A few months ago we had the opportunity to present our story to a group of product managers here in Melbourne. It was a great evening which gave us the opportunity to reflect on the product challenges we faced to this point. We looked back on our achievements and failures and found four areas that we believe helped define us:
“Companies deliver nice products; a startup delivers a solution.”
I read the sentence above on Twitter and it summarizes what we think about early stage companies. It’s so easy to get hung up on how perfect your product has to be before hitting the market that you end up forgetting that there are people out there with a real problem. Guess what, if you deliver a solution for it they will be happy, no matter how rough it is.

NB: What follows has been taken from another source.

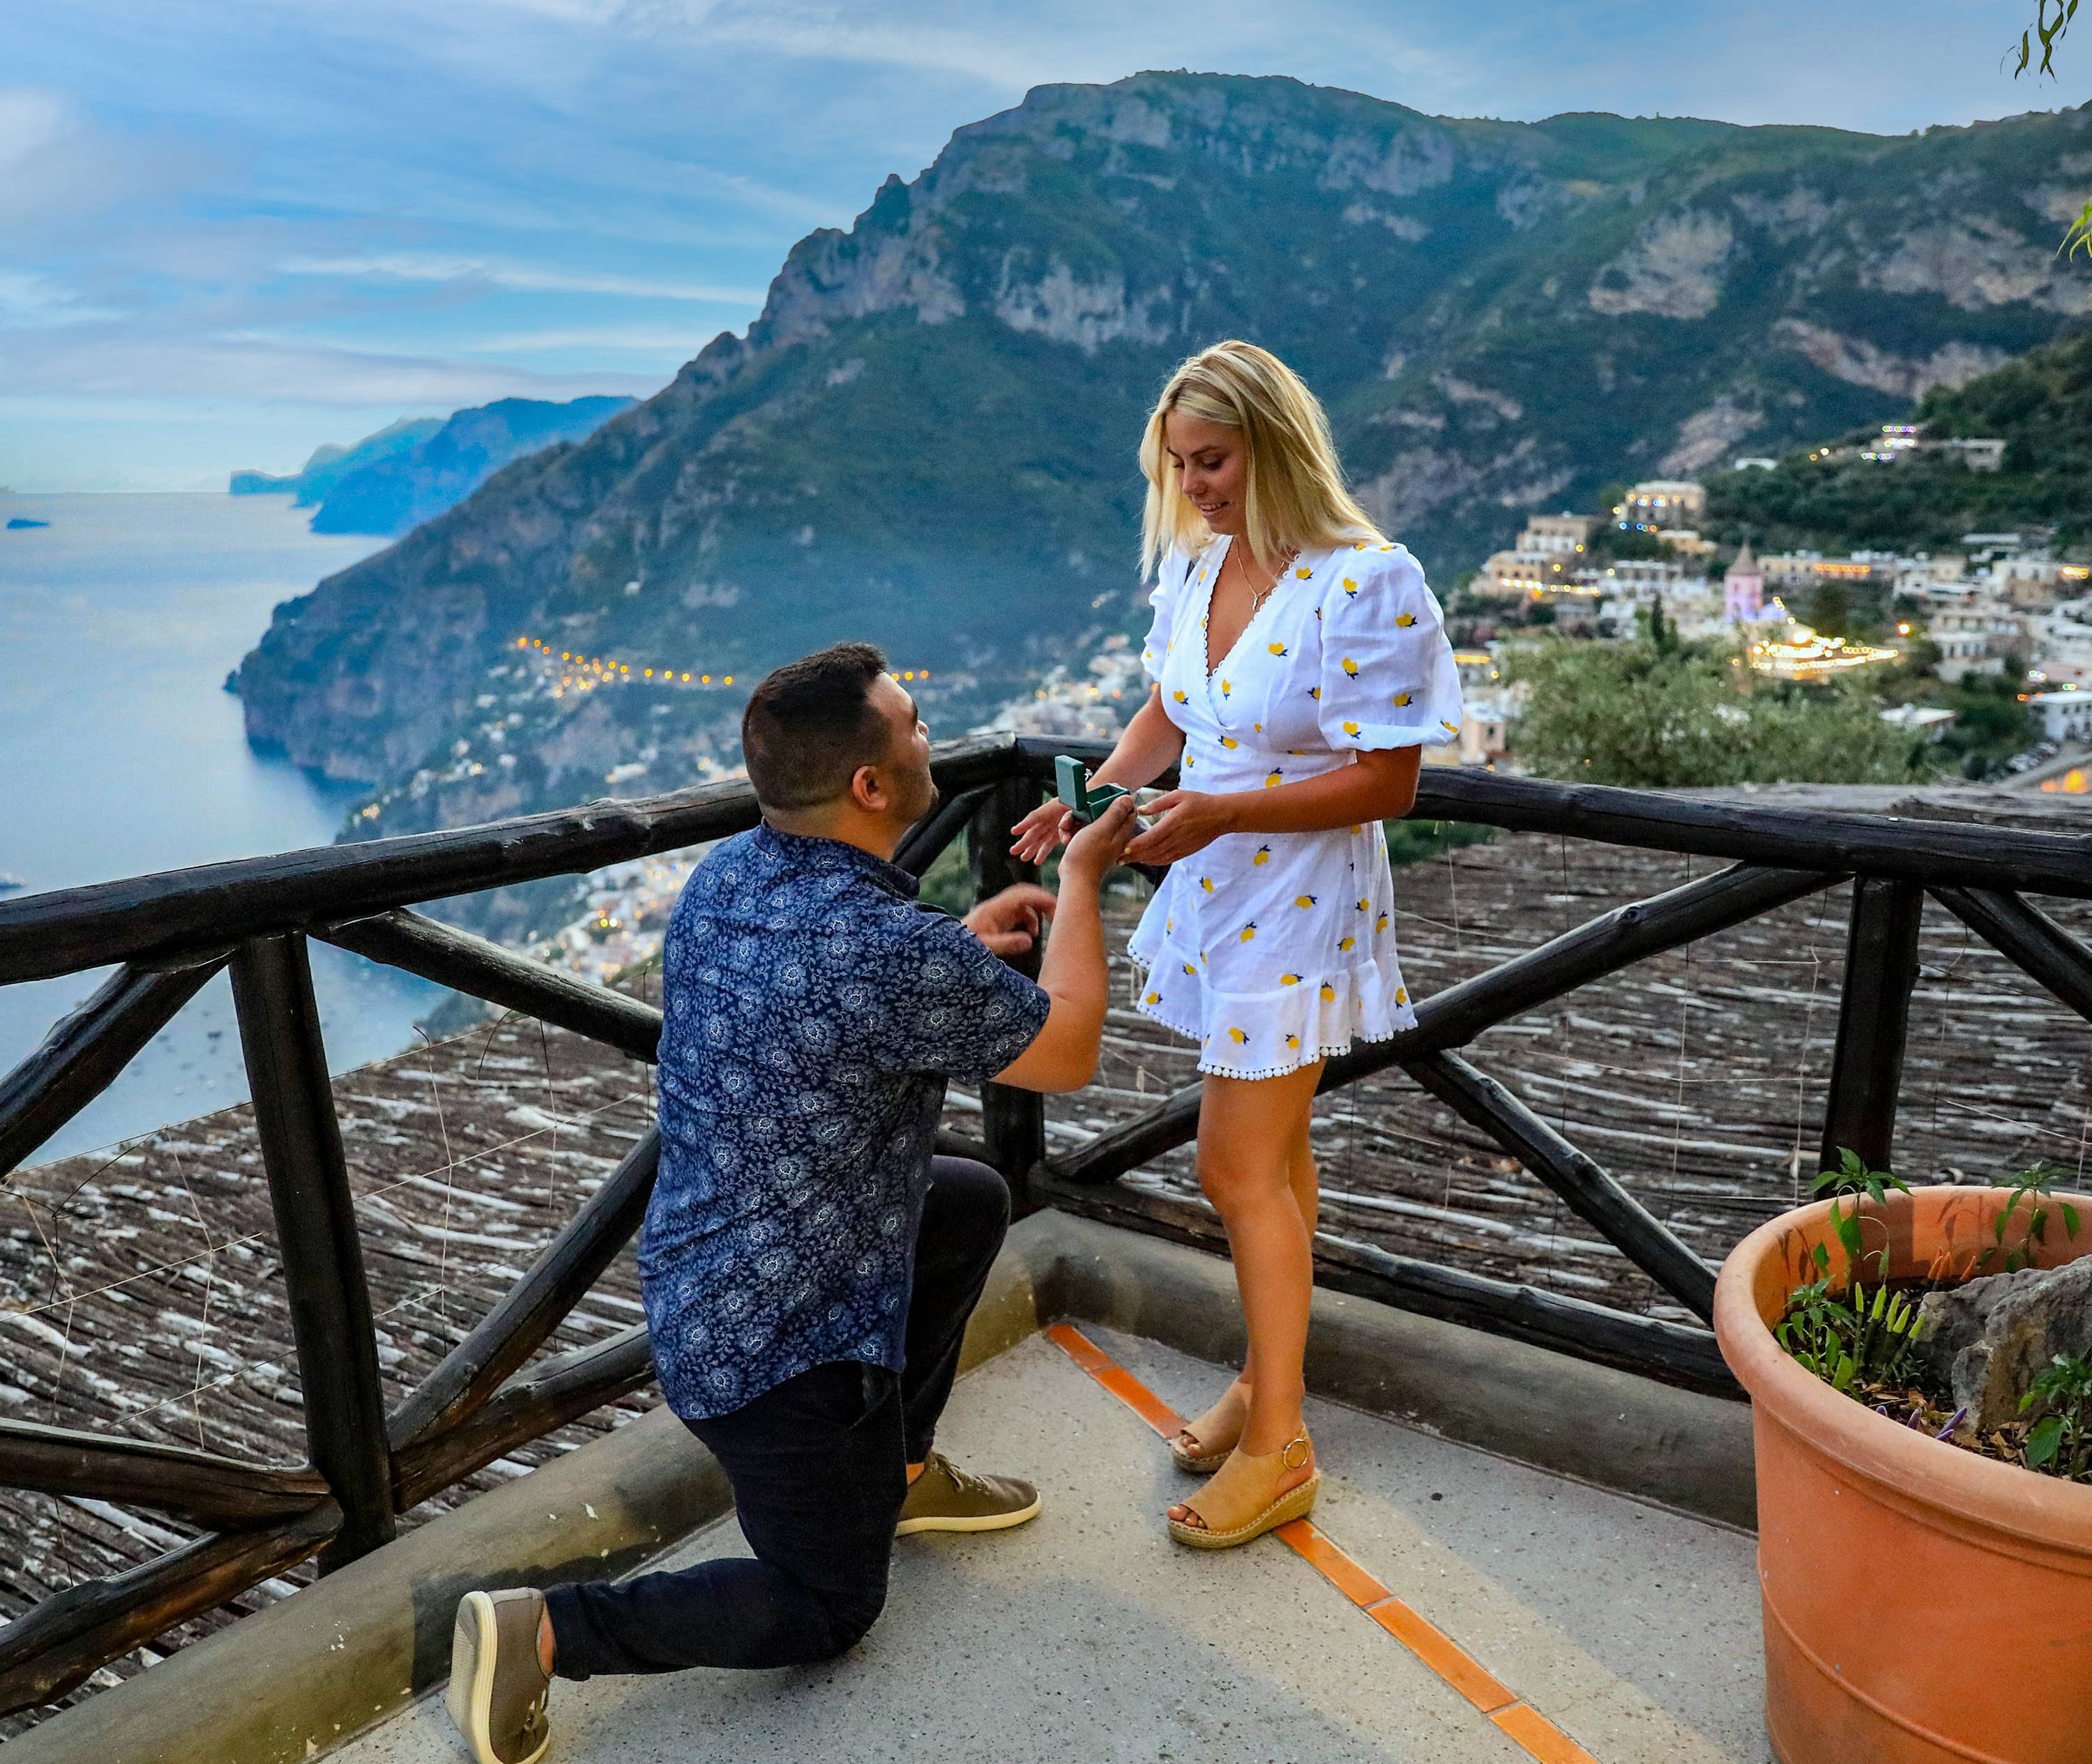 Anthony kneeling proposing to Abigail in Italy

Thankfully we have had that in our mind from early on. We started the company renting a van for a few days a week and selling goods through the simplest e-commerce website possible. From day one we had revenue and could confirm that a market for our product existed.
Thankfully this approach has continued for the whole year. We still test everything that we do and deliver only in one area in Melbourne (about to open the second!), in order to test and evolve our model as much as possible one step at a time. From 20 customers in January to around 200 now, we were able to tackle and solve problems as they happened, instead of investing large sums of money to design a perfect product.

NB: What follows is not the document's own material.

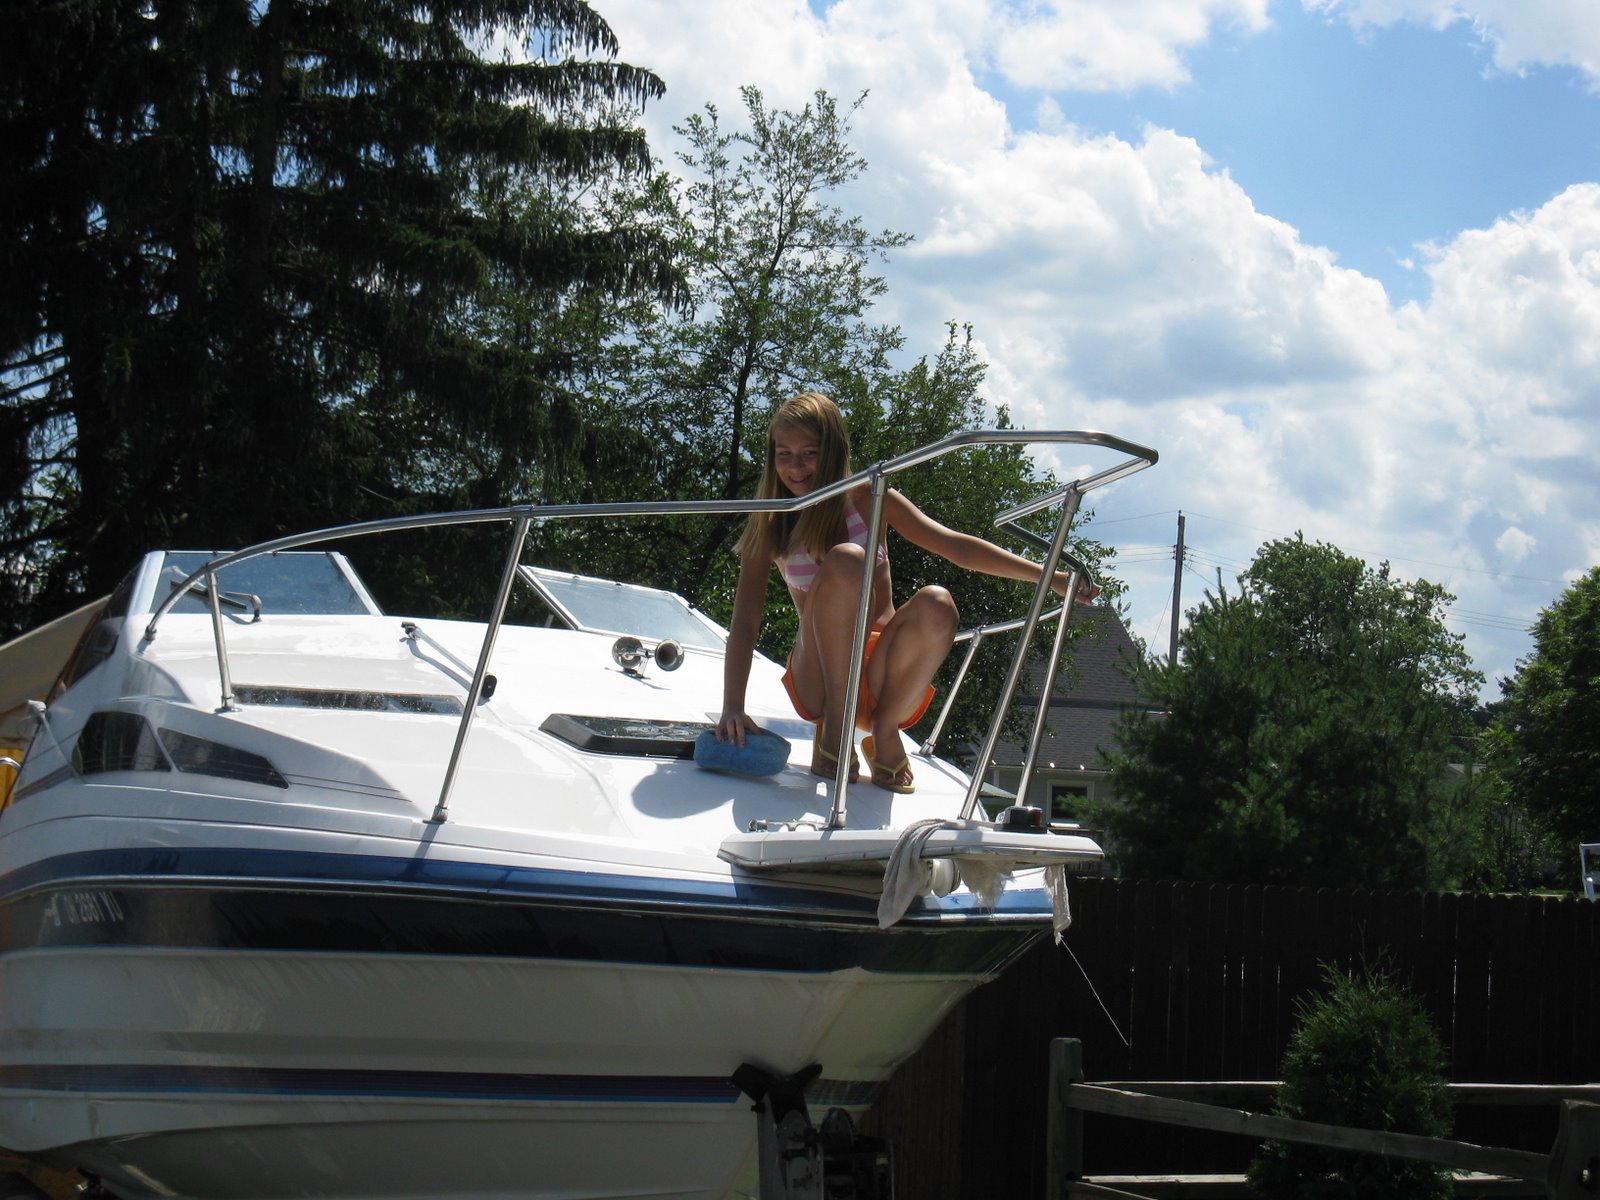 [aubs+cleaning+boat+001.JPG]

2. “Nothing is going to work”
It might sound negative at first, but the sentence about is what we say to each other when we over-plan functionalities out of plain excitement.
This is a lesson we learned the hard way. In the most iconic example, we developed a new feature for two weeks, preparing it for success, only to take it off the website in less than a day. In the rush of creating new solutions, we forgot that we had no idea how to communicate it to customers and the results that we got proved it.

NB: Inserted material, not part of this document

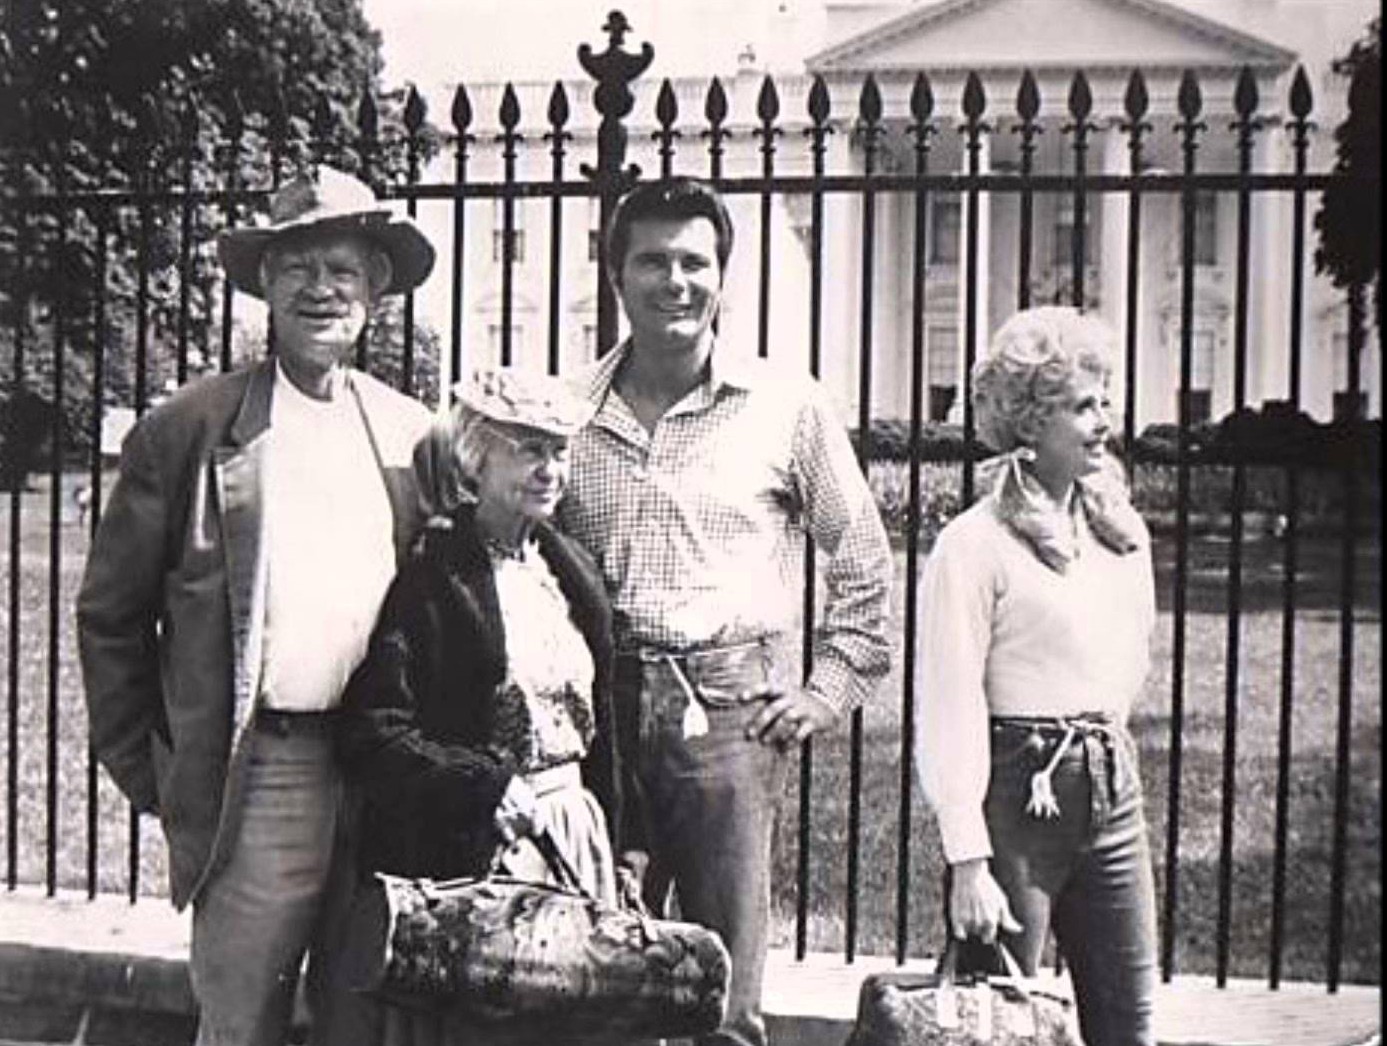 Jed Clampett and family

Why did it take so long? Because we made sure we covered every success case. What if everyone uses it? What if our sales double because of it?
Unfortunately this is most times just waste, and realising that most ideas fail has saved us a lot of time.
3. Customers, customers, customers
This is old news, but always worth repeating: “In an early stage company, the only thing to focus on is customers.”
We knock at someone’s door to deliver groceries to them every day, so customer relationship has been at the forefront of our mind since the start. Even then, it’s easy to forget who is buying our product and just build solutions to please ourselves.
In our case, we started the business believing that we would be a great solution for young professionals (AKA ‘us’) who wanted to buy groceries online.
Only when we went to interview our best customers did we notice they were all young families with kids. Realising that has changed our vision about the business completely.
If you ever have been in a software development team working under a schedule, you might know how important it is to focus on the correct work to deliver. Coming from a consulting background where I helped people with that, I thought we had that covered.
However, the combination of a small team, lots of ideas and a flexible business model creates the perfect environment for people to pivot every day. And you might keep doing that without ever delivering anything worth paying for.
For us it’s been a great journey to understand who we were building our product for and have clear goals of what we were trying to achieve.
At the moment, we’ve looked at results every week and check them under three lenses:
- Getting more customers
- Helping customers order more each time
- Helping customers to buy more frequently (i.e. do more of their grocery shopping with us)
Only when we have clear a goal do we decide what needs improving. Then it’s time to look at the ideas we have and figure out what to work on.
Looking back, it seems that our theme has been to find people with problems and create the smallest solution that will help them.
This is much easier said than done though, so I hope these ideas help some other people out there.
Francisco is a co-founder of YourGrocer. Software developer by trade, he is usually trying to write code when not delivering groceries to great customers.